Though Boeing is not explicitly named in the bill, the provision of $17 billion for commercial air companies that are “important to maintaining national security” is deliberately worded to apply to the nation’s biggest airplane manufacturer and second biggest defense contractor. In a recent press conference, Trump underscored the special treatment for Boeing, saying, “Yes, I think we have to protect Boeing. We have to absolutely help Boeing.”
The company may also have the opportunity to draw from the $500 billion set aside for corporate bailouts in general.
Boeing shares rose more than 25 percent on Wednesday on the heels of the unanimous Senate passage of the bailout bill in the early morning hours. They extended their gains by an additional 15 percent on Thursday, closing at $180. The company’s shares have risen four straight days in anticipation of adoption of the gargantuan fiscal measure. Its share price had fallen from a high of $440 in March of 2019 to a 52-week low of $89 this year.
The rescue of Boeing by the federal government comes one year after the grounding of Boeing’s flagship 737 Max 8 aircraft in the wake of two crashes—Lion Air Flight 610 outside of Jakarta, Indonesia and Ethiopian Airlines Flight 302 from Addis Ababa, Ethiopia. Both occurred shortly after takeoff as a result of a fatal design defect and the company’s rush to bring the new plane onto the market.
To date, no executive who oversaw production of the plane or regulatory official who approved it has been charged, much less prosecuted, for the development, manufacture and marketing of the deadly plane and the death of 346 passengers and crew on the two flights.
As has now been proven, the crashes were caused by a piece of software known as the Maneuvering Characteristics Augmentation System (MCAS). It was installed by Boeing to compensate for the Max 8’s tendency to stall, a byproduct of attaching a newer, larger engine onto the half-century-old Boeing 737 chassis.
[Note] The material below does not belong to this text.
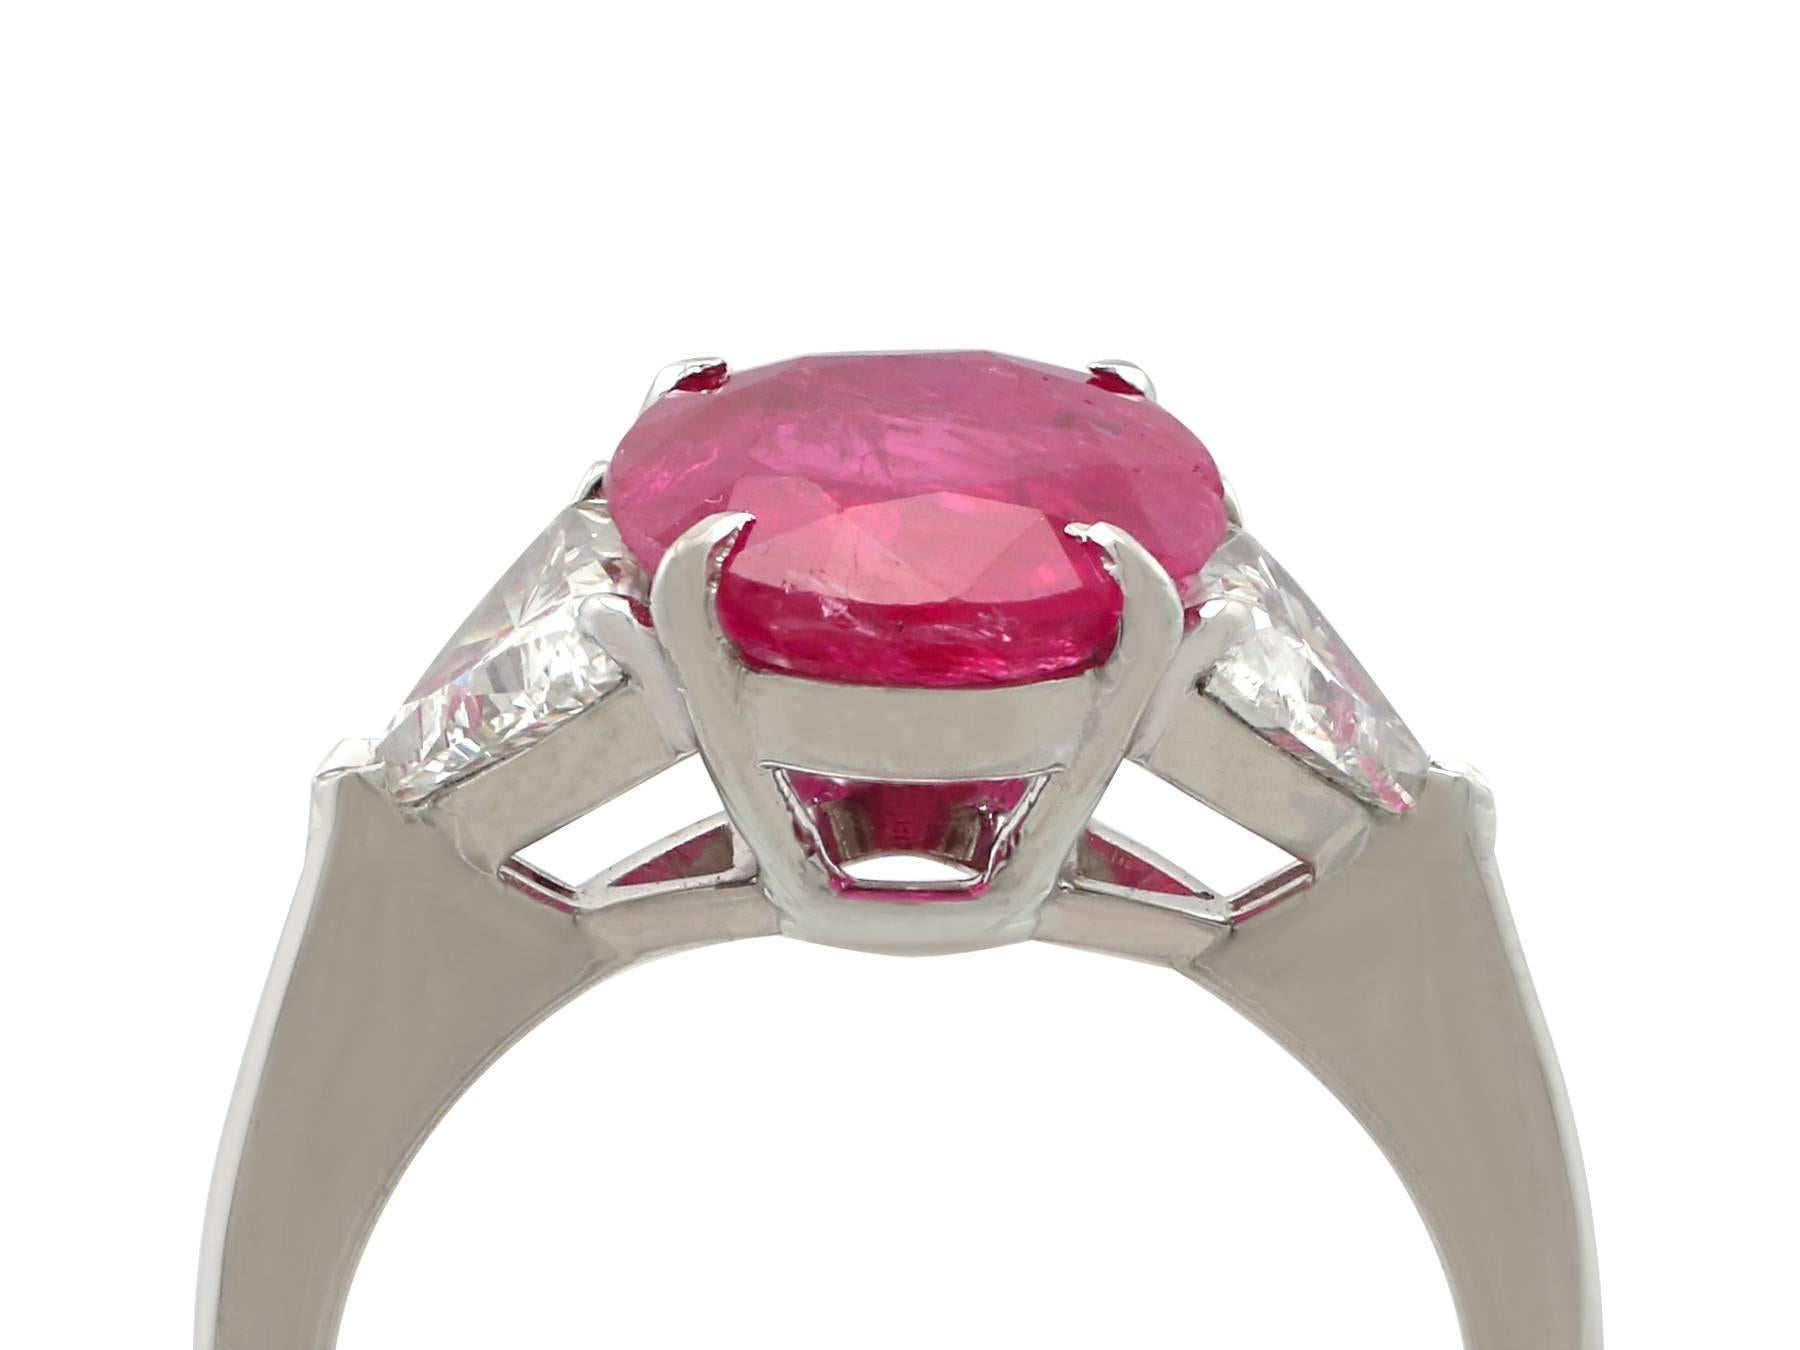 
A stunning vintage 3.38 carat Burmese ruby, 1.33 carat diamond and platinum dress ring; part of our diverse vintage jewelry and estate jewelry collections

This stunning, fine and impressive GIA certified ruby ring has been crafted in

The aerospace giant used an old airframe in order to save time and money in bringing to market a new model to compete with European-based Airbus for market share and profit, particularly in the expanding Chinese market. It sold the plane to airlines with the claim that 737 pilots required little additional training, such as flight simulator training, to fly the new model.
In the aftermath of the crashes and the grounding of the Max 8—which both Boeing and the Federal Aviation Administration (FAA) initially opposed—a myriad of reports from aviation safety agencies internationally and leaked internal emails from Boeing employees and officials have established that the company was well aware of the dangerous flaws in the aircraft, but carried out a cover-up in order to get the plane into the air.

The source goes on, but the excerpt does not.